Data for analysis:
__________
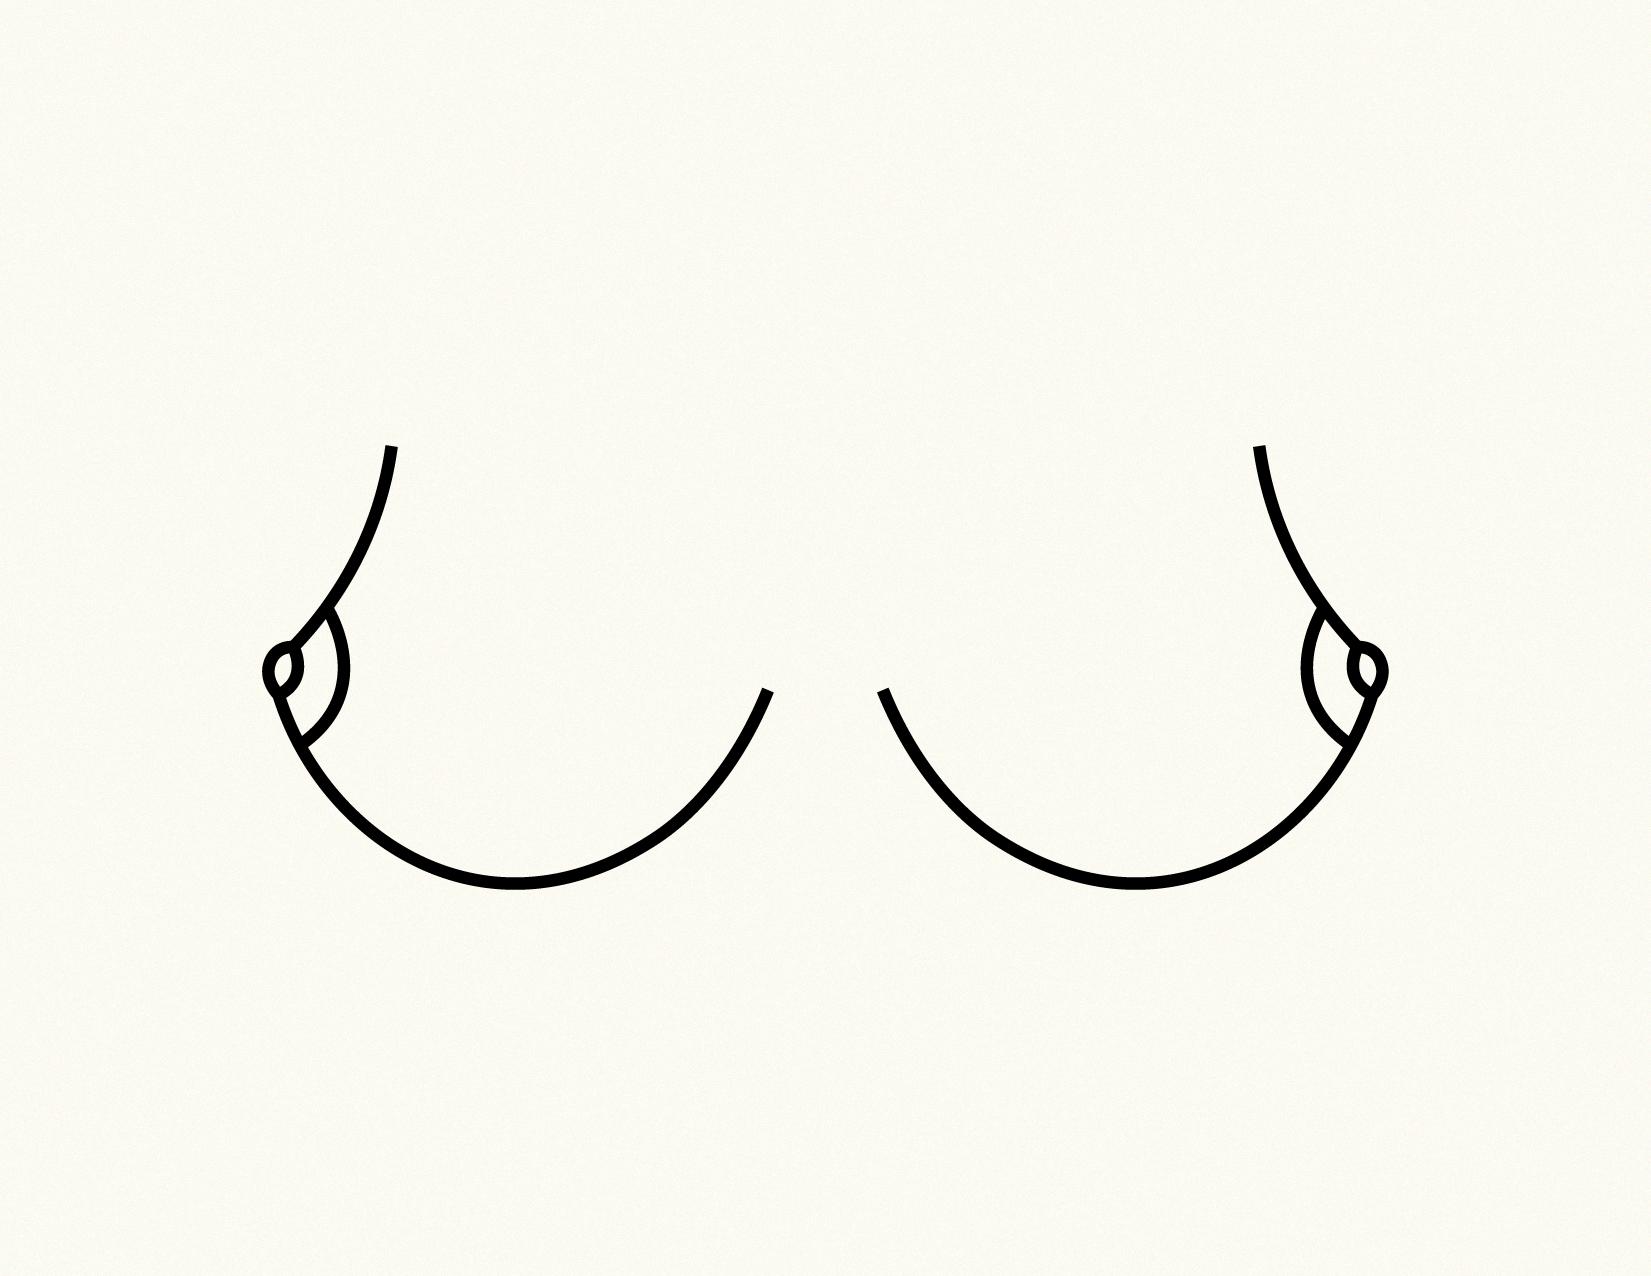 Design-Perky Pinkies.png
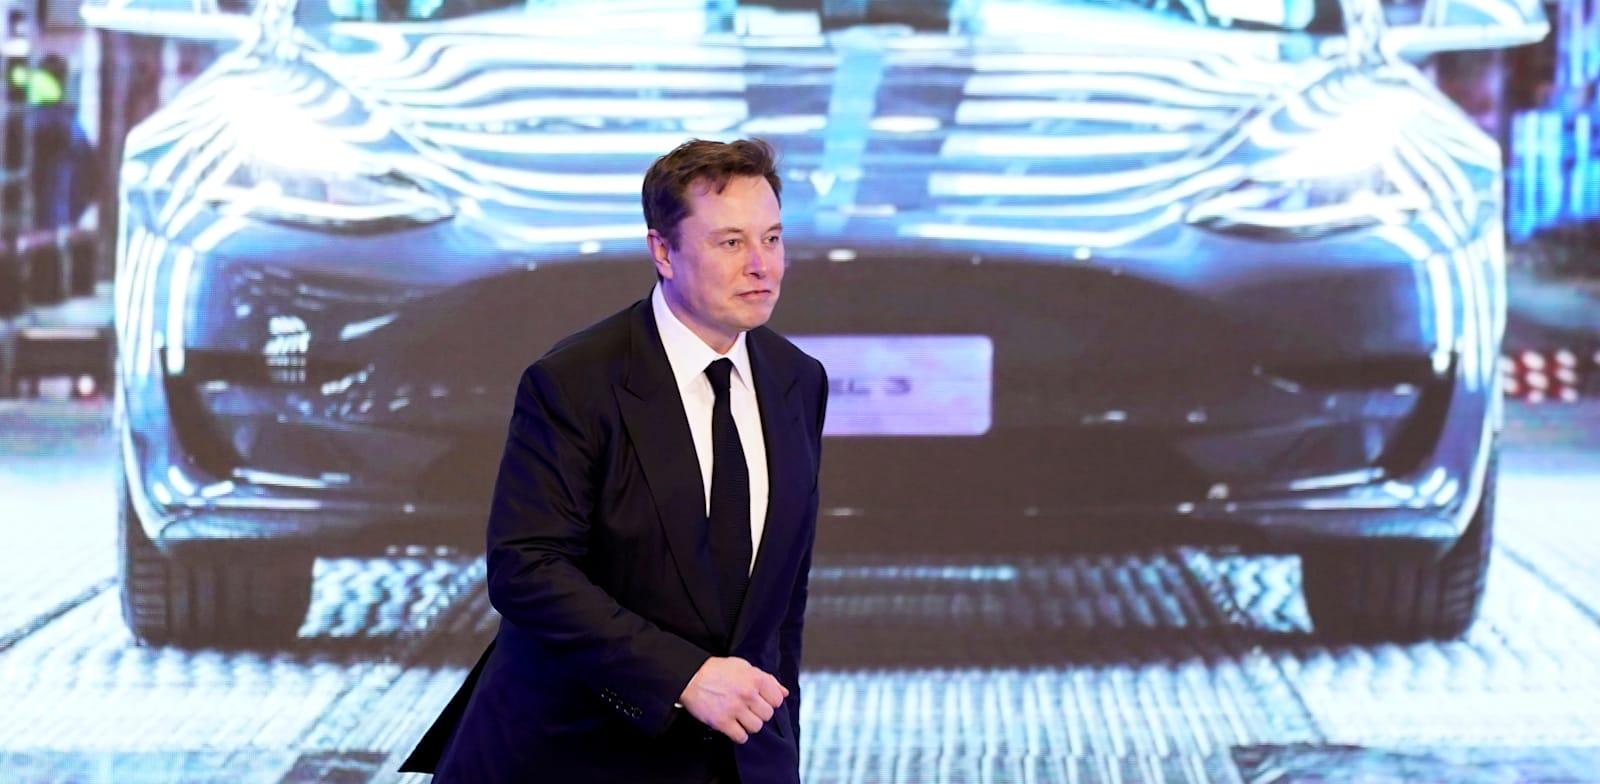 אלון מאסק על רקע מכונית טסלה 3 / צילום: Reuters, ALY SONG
__________
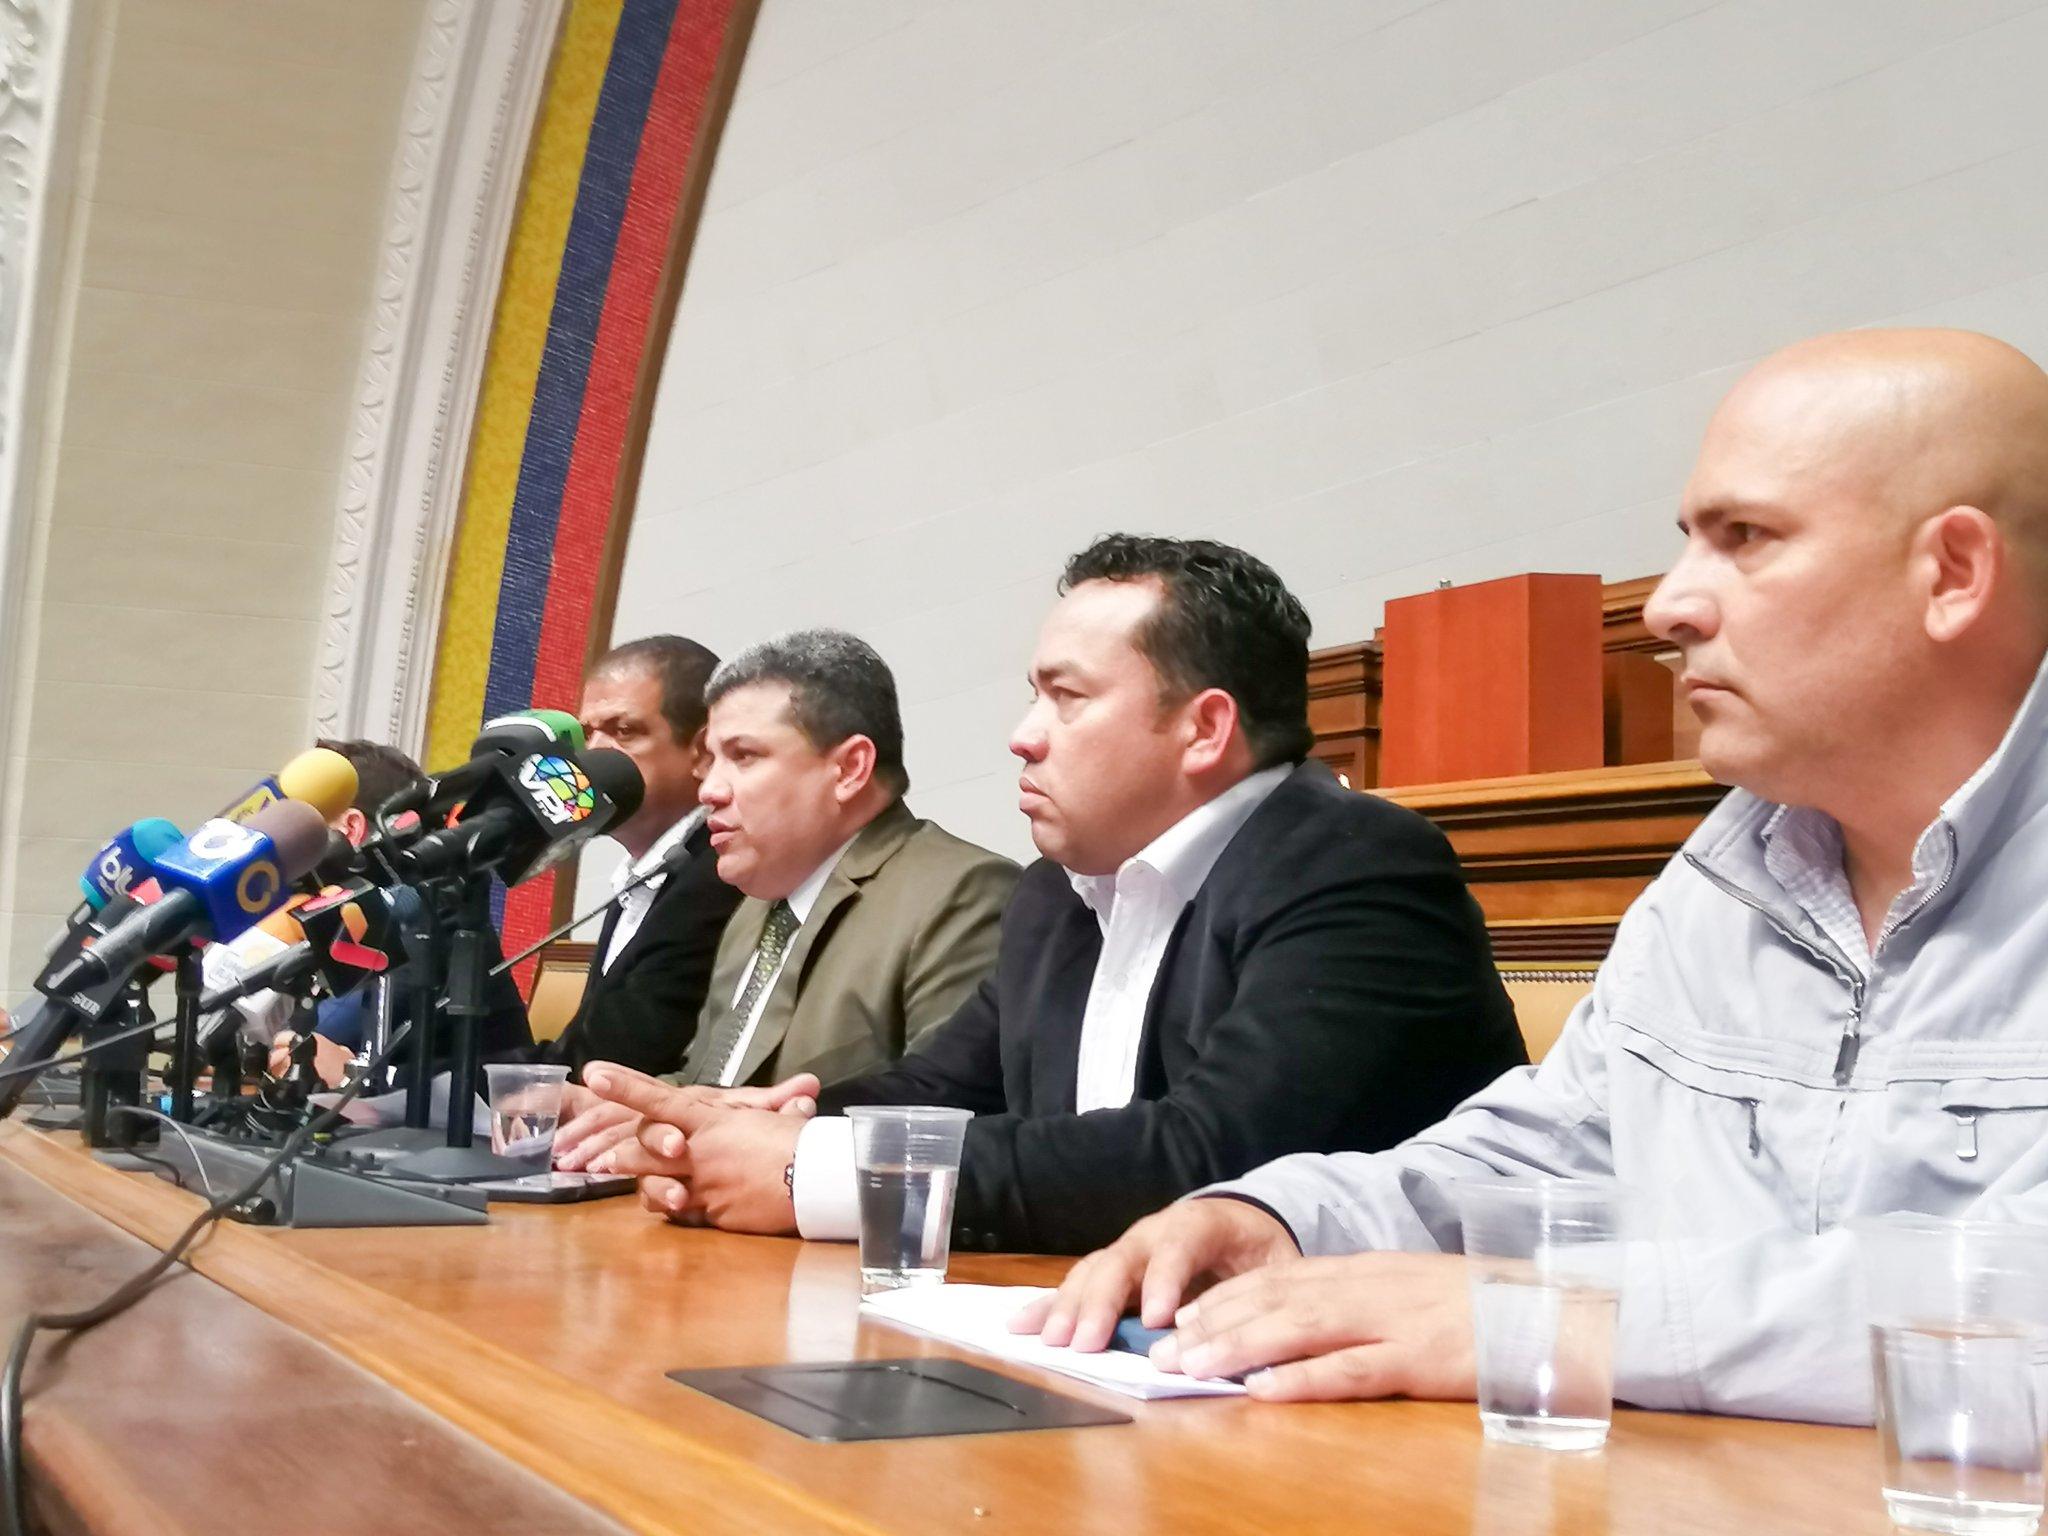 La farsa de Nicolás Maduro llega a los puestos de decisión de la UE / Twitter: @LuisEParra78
__________
What to work on: The answer must be the part of the records that opens with the line containing "Design-Perky Pinkies.png" and closes with the line containing "אלון מאסק על", reproduced exactly, with no pictures.

Result of this exercise:
 Design-Perky Pinkies.png
 אלון מאסק על רקע מכונית טסלה 3 / צילום: Reuters, ALY SONG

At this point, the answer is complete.